*INFORMATION SHOWN*.
----------
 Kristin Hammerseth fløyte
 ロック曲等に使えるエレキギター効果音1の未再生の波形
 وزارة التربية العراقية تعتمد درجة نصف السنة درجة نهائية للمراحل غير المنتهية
----------
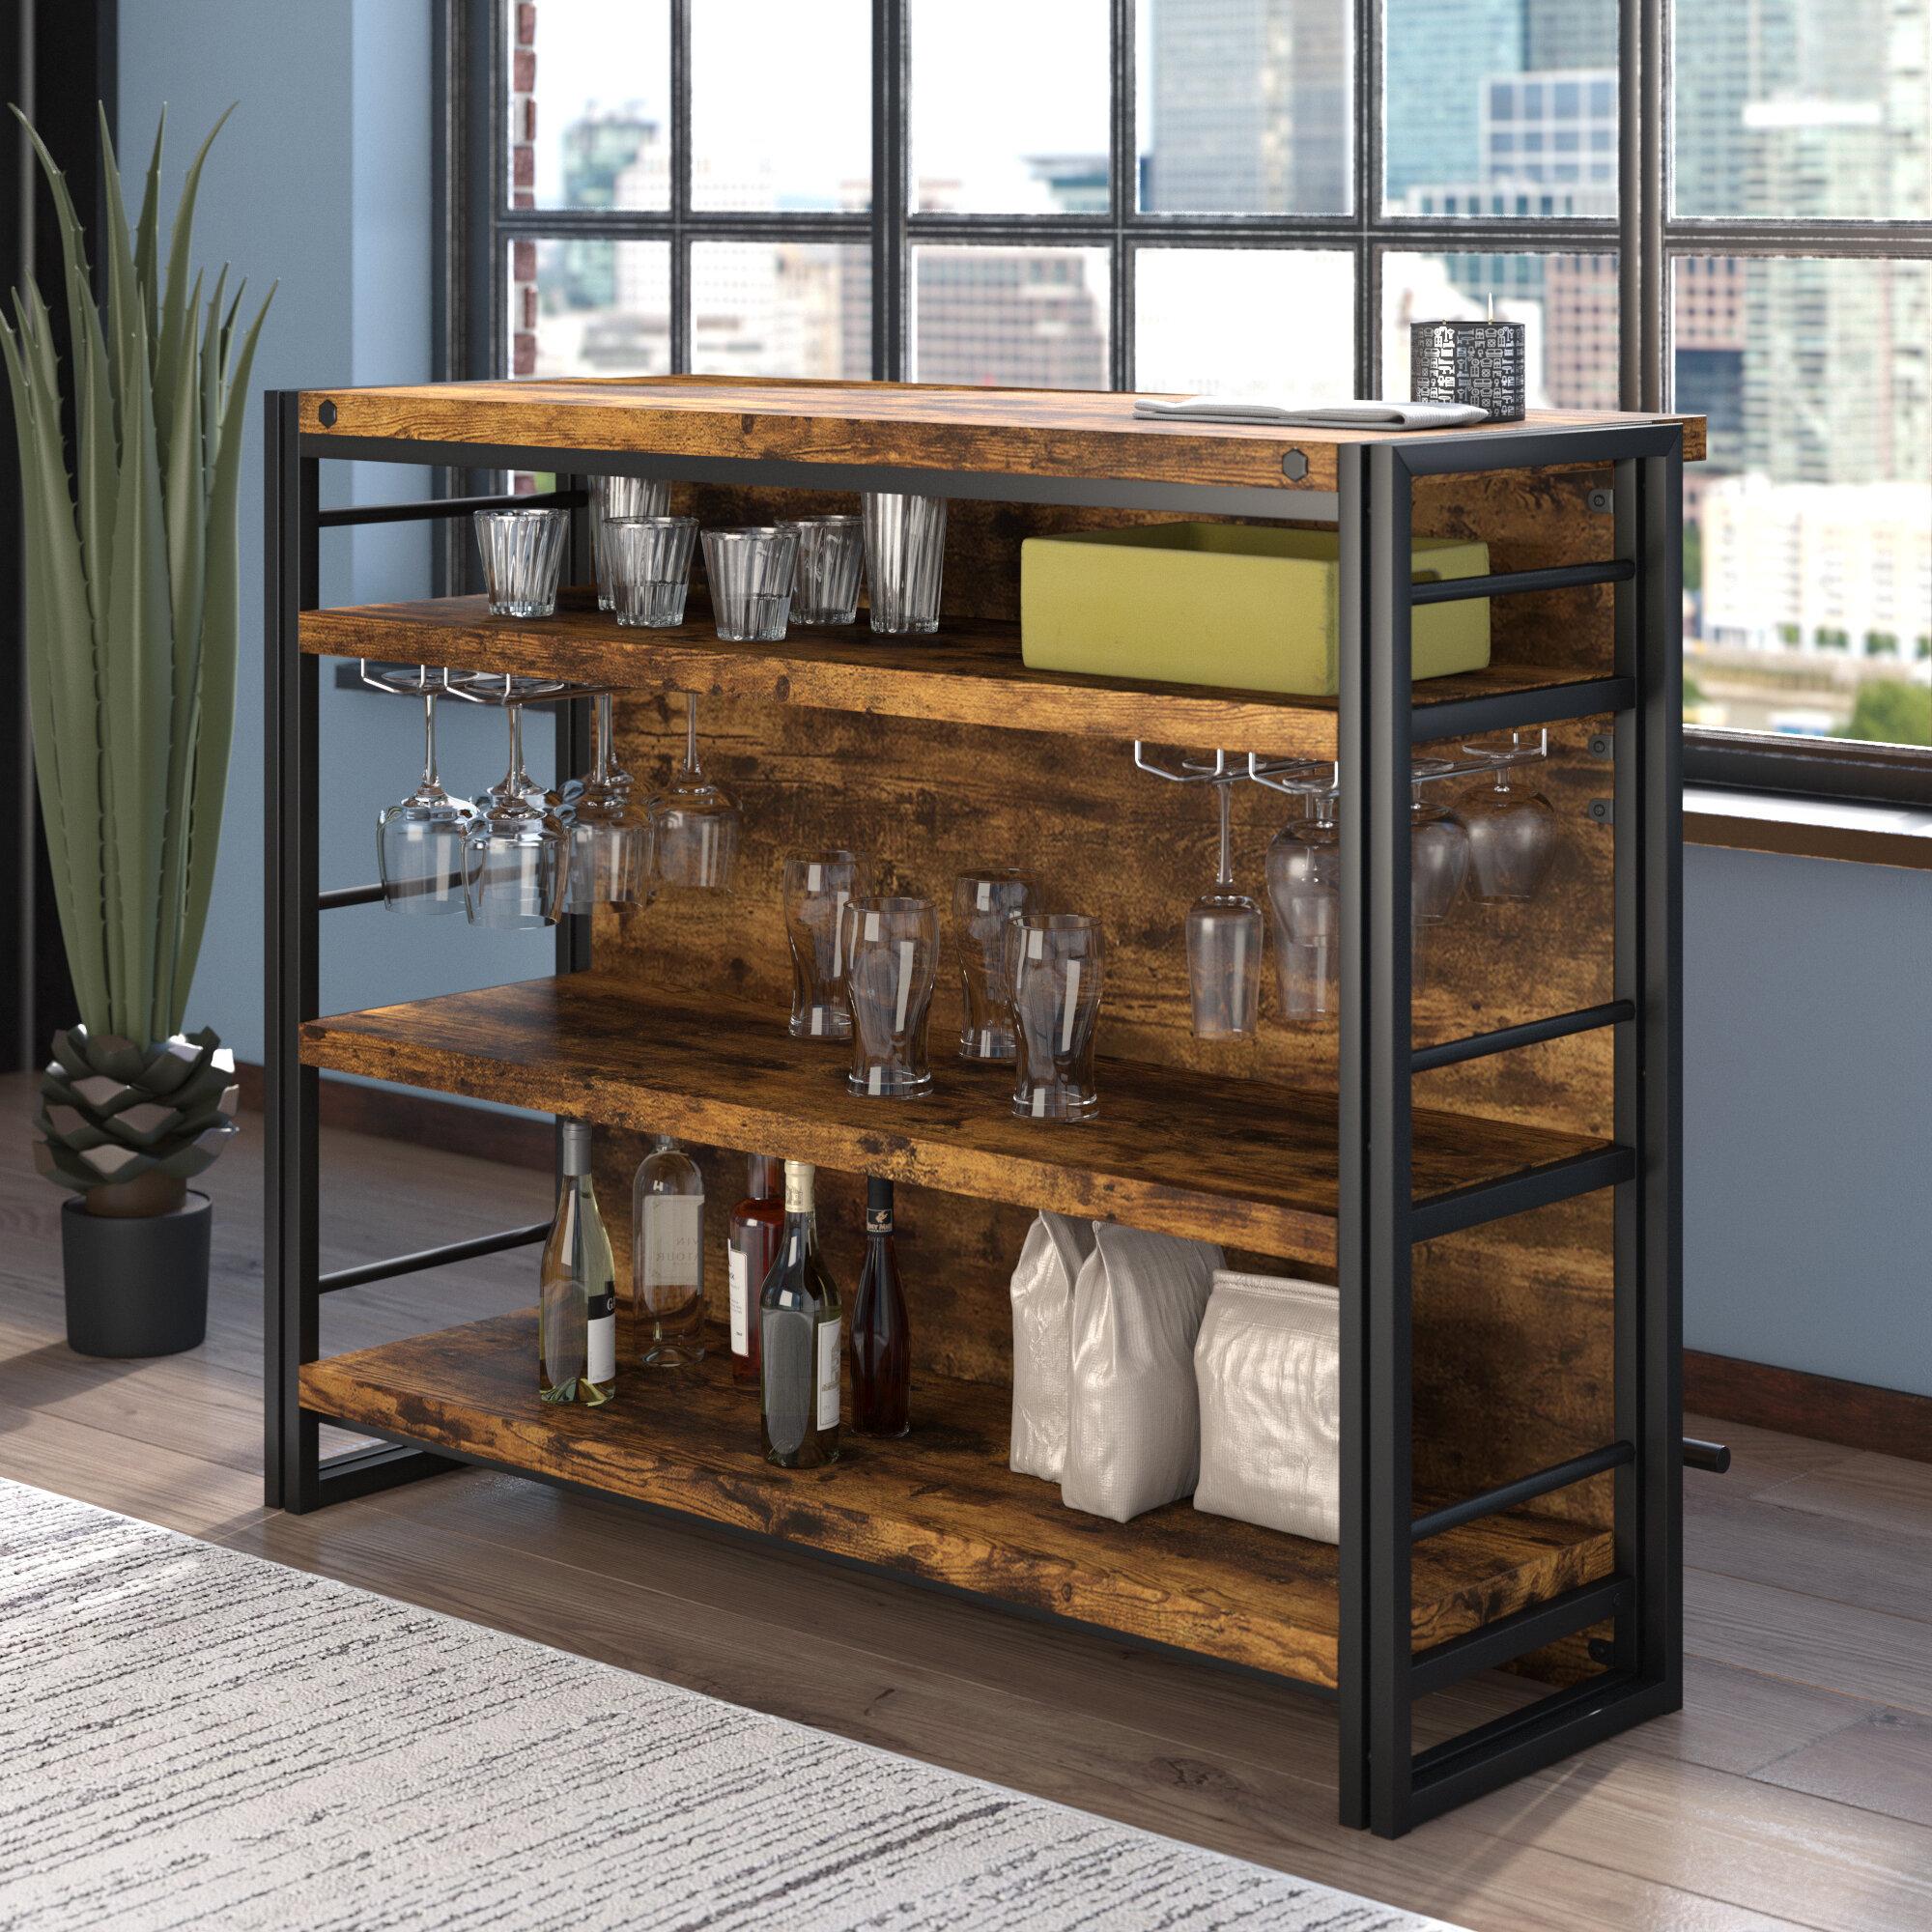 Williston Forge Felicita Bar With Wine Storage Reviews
----------
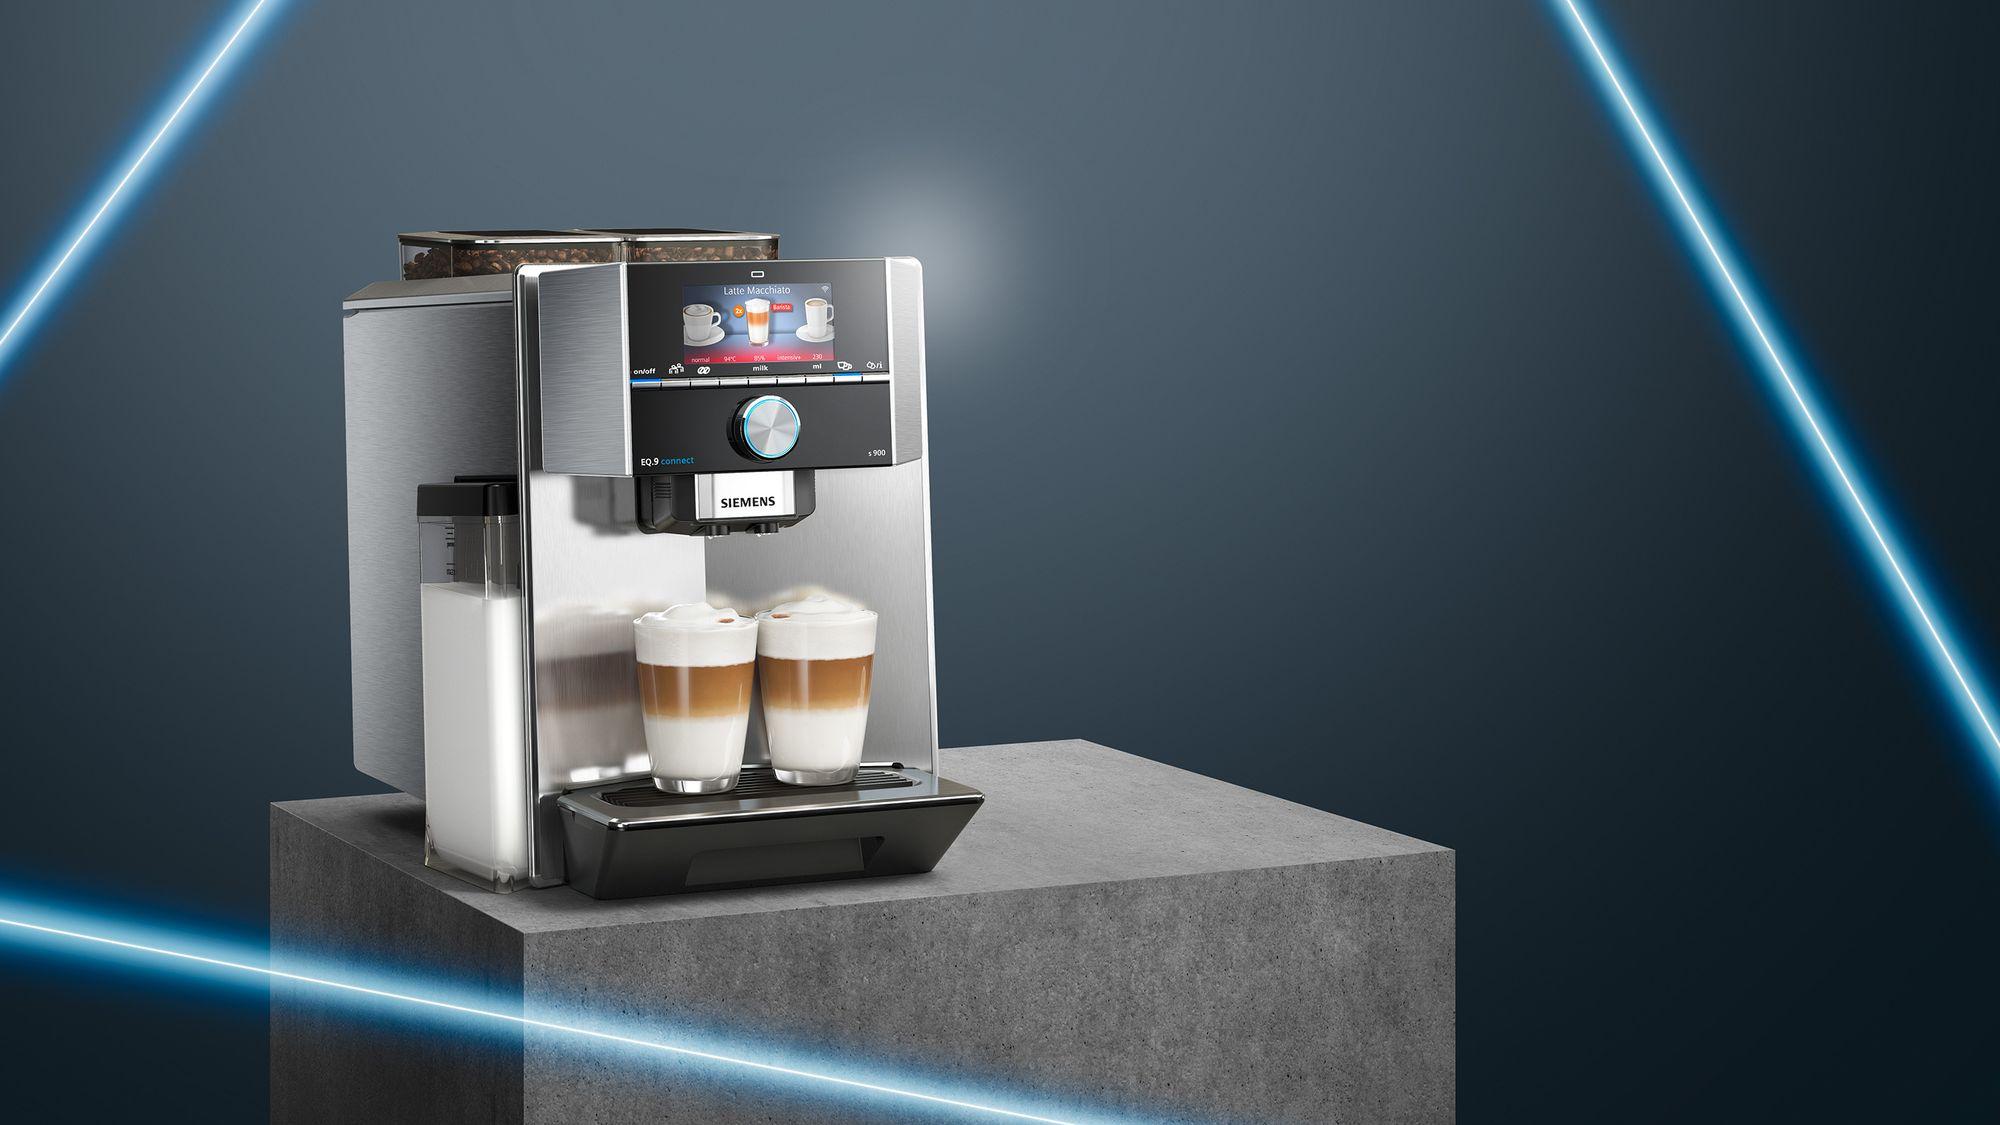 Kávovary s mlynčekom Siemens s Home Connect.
----------
From the listing above, the lines starting with the one that has "Kristin Hammerseth fløyte" and running through the one that has "وزارة التربية العراقية" should be copied exactly, ends included.

*RESPONSE BELOW*.
 Kristin Hammerseth fløyte
 ロック曲等に使えるエレキギター効果音1の未再生の波形
 وزارة التربية العراقية تعتمد درجة نصف السنة درجة نهائية للمراحل غير المنتهية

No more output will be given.